**What you have to do**:
The line with "cunard cruises from the uk" starts the range, and the last line of the listing ends it. Retype that range exactly, without pictures.

*** Supplied information

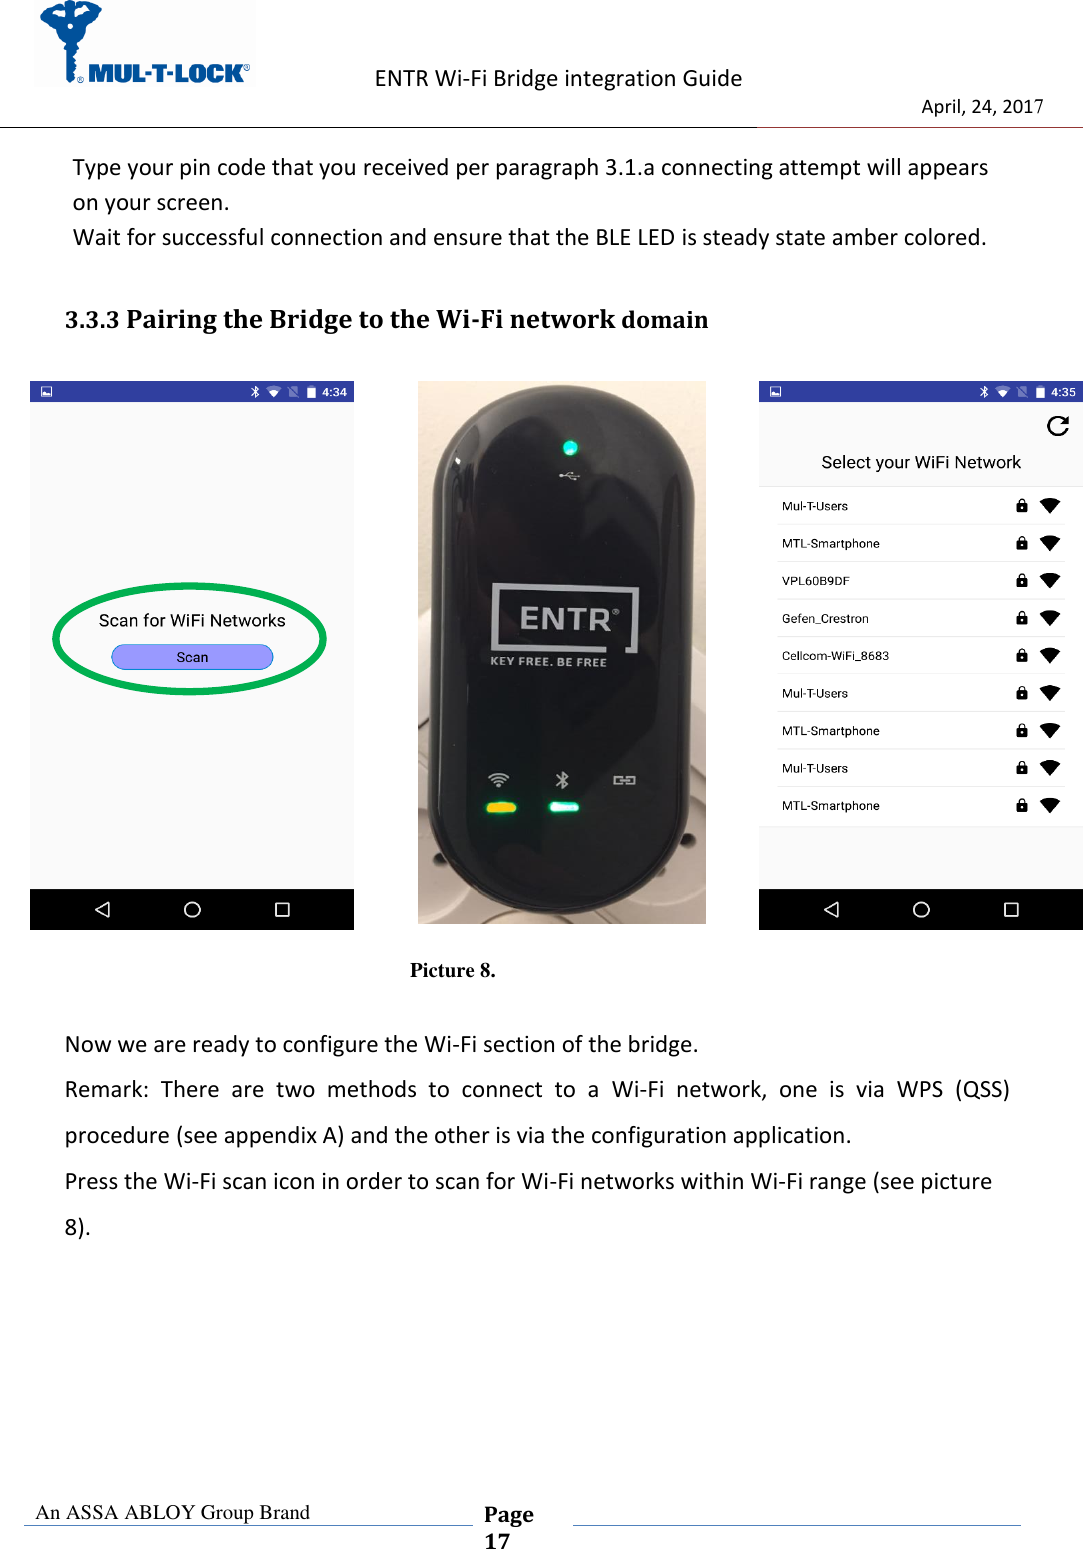                    ENTR Wi-Fi Bridge integration Guide                                  April, 24, 2017  An ASSA ABLOY Group Brand  Page 17    Type your pin code that you received per paragraph 3.1.a connecting attempt will appears on your screen. Wait for successful connection and ensure that the BLE LED is steady state amber colored. 3.3.3 Pairing the Bridge to the Wi-Fi network domain           Picture 8.  Now we are ready to configure the Wi-Fi section of the bridge. Remark:  There  are  two  methods  to  connect  to  a  Wi-Fi  network,  one  is  via  WPS  (QSS)     procedure (see appendix A) and the other is via the configuration application. Press the Wi-Fi scan icon in order to scan for Wi-Fi networks within Wi-Fi range (see picture 8).     
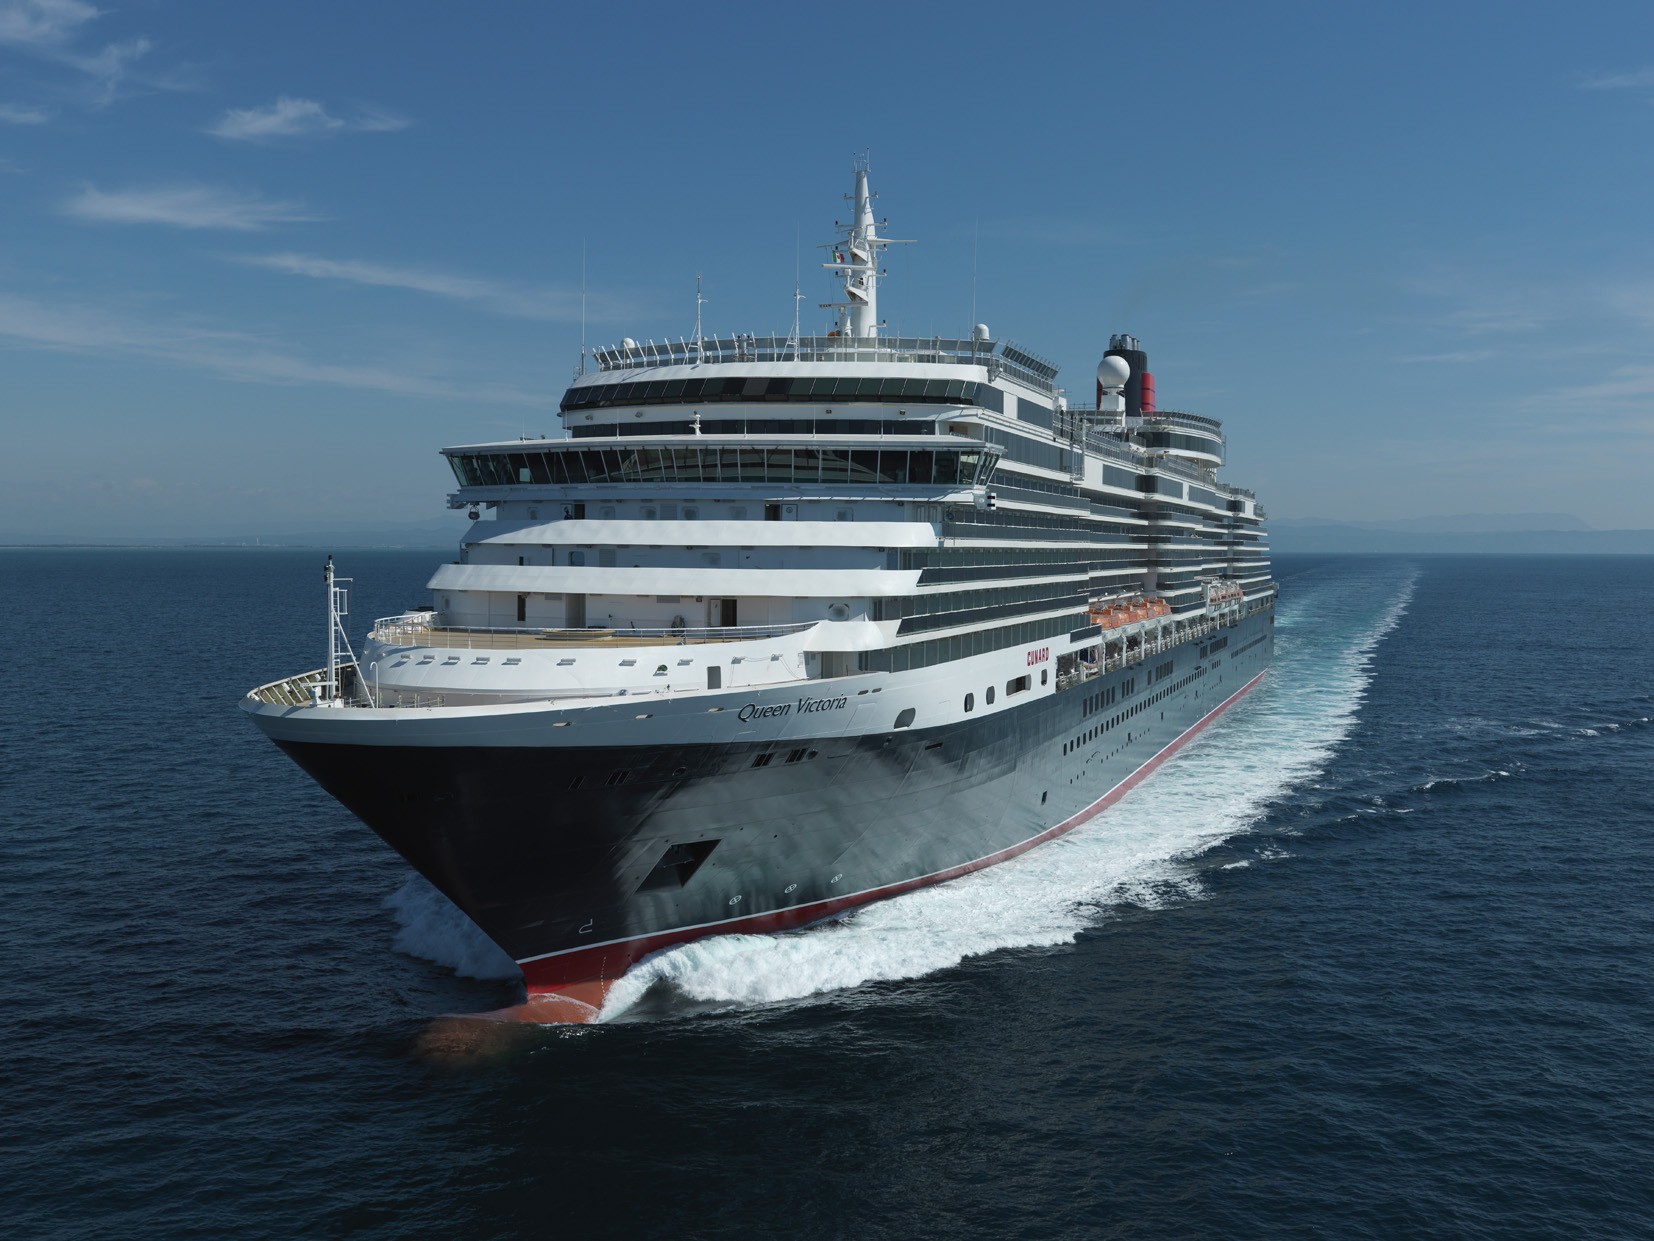 cunard cruises from the uk
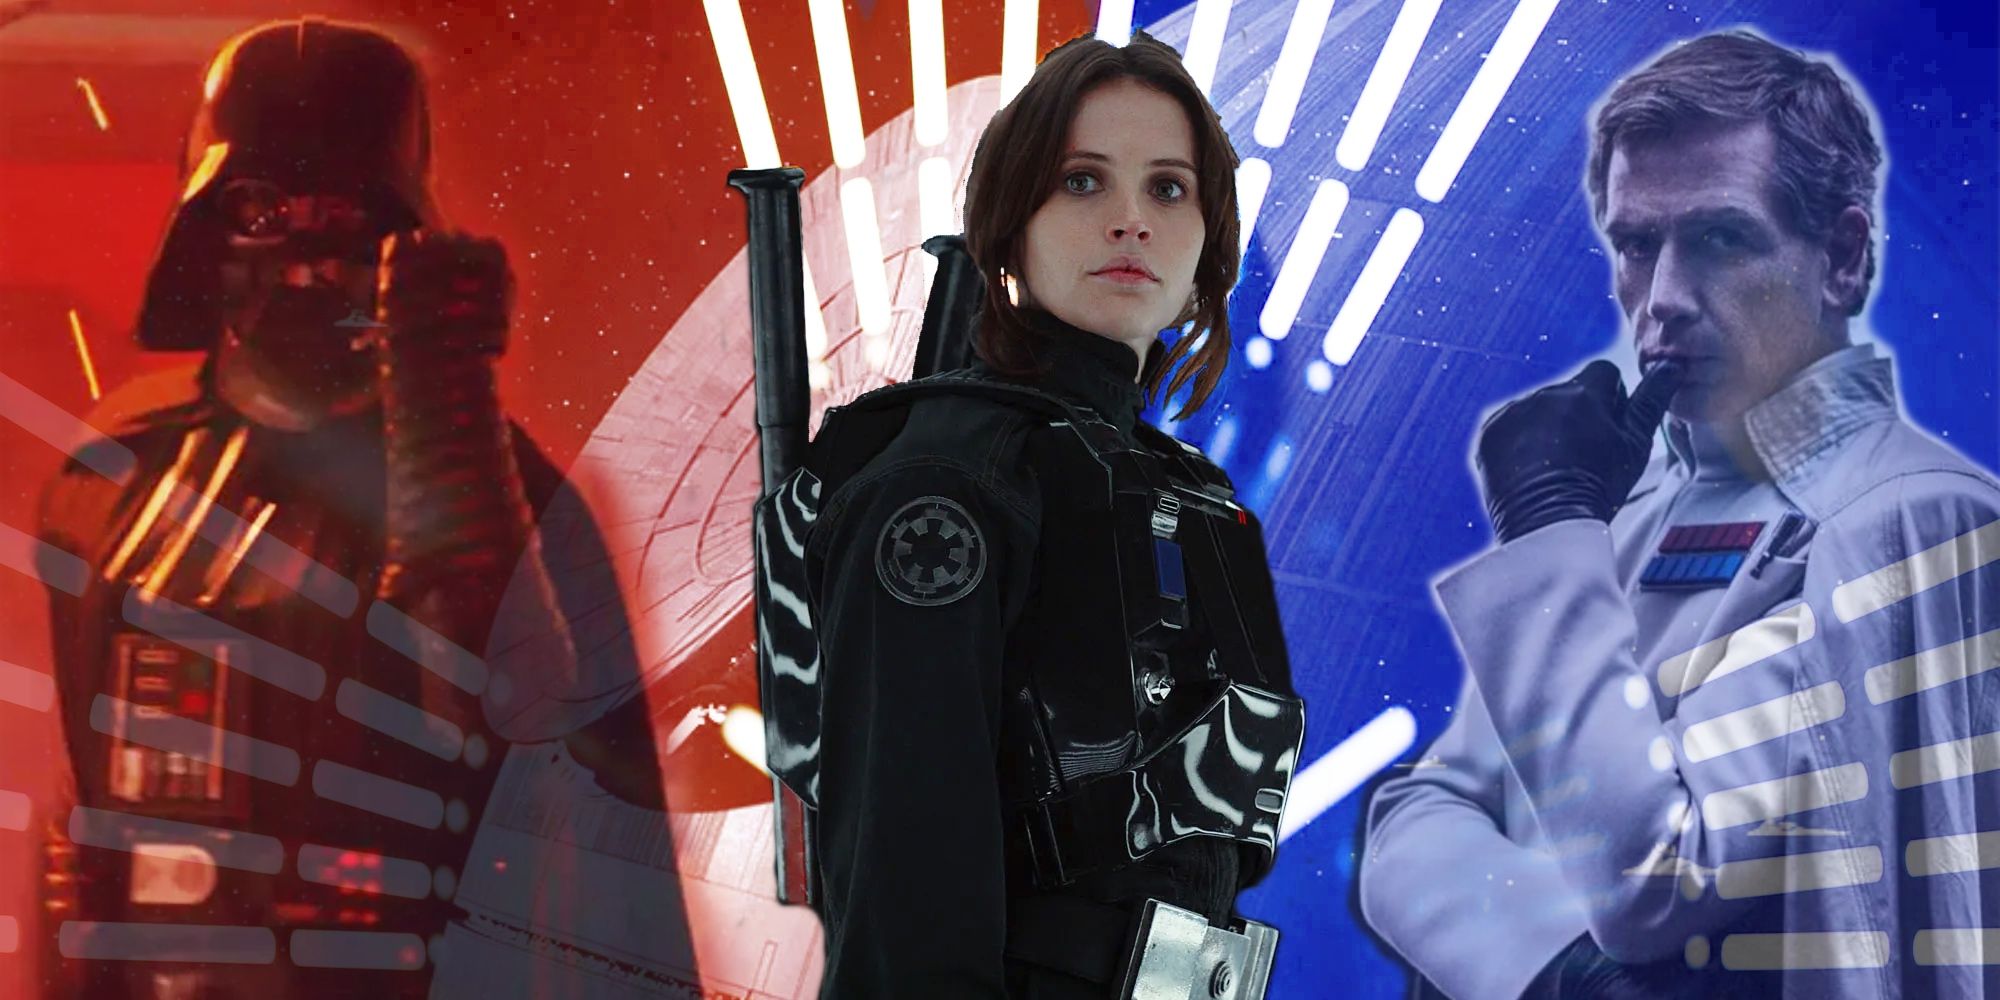 Rogue One Feature image depicting Jyn Erso at the center, and Darth Vader and Director Krennic on either side of her. Krennic and Vader are partially faded out to give prominence to Jyn, and all characters stand in front of the newly constructed Death Star with an orange to blue fade.

******

**Answer space**:
 cunard cruises from the uk
 Rogue One Feature image depicting Jyn Erso at the center, and Darth Vader and Director Krennic on either side of her. Krennic and Vader are partially faded out to give prominence to Jyn, and all characters stand in front of the newly constructed Death Star with an orange to blue fade.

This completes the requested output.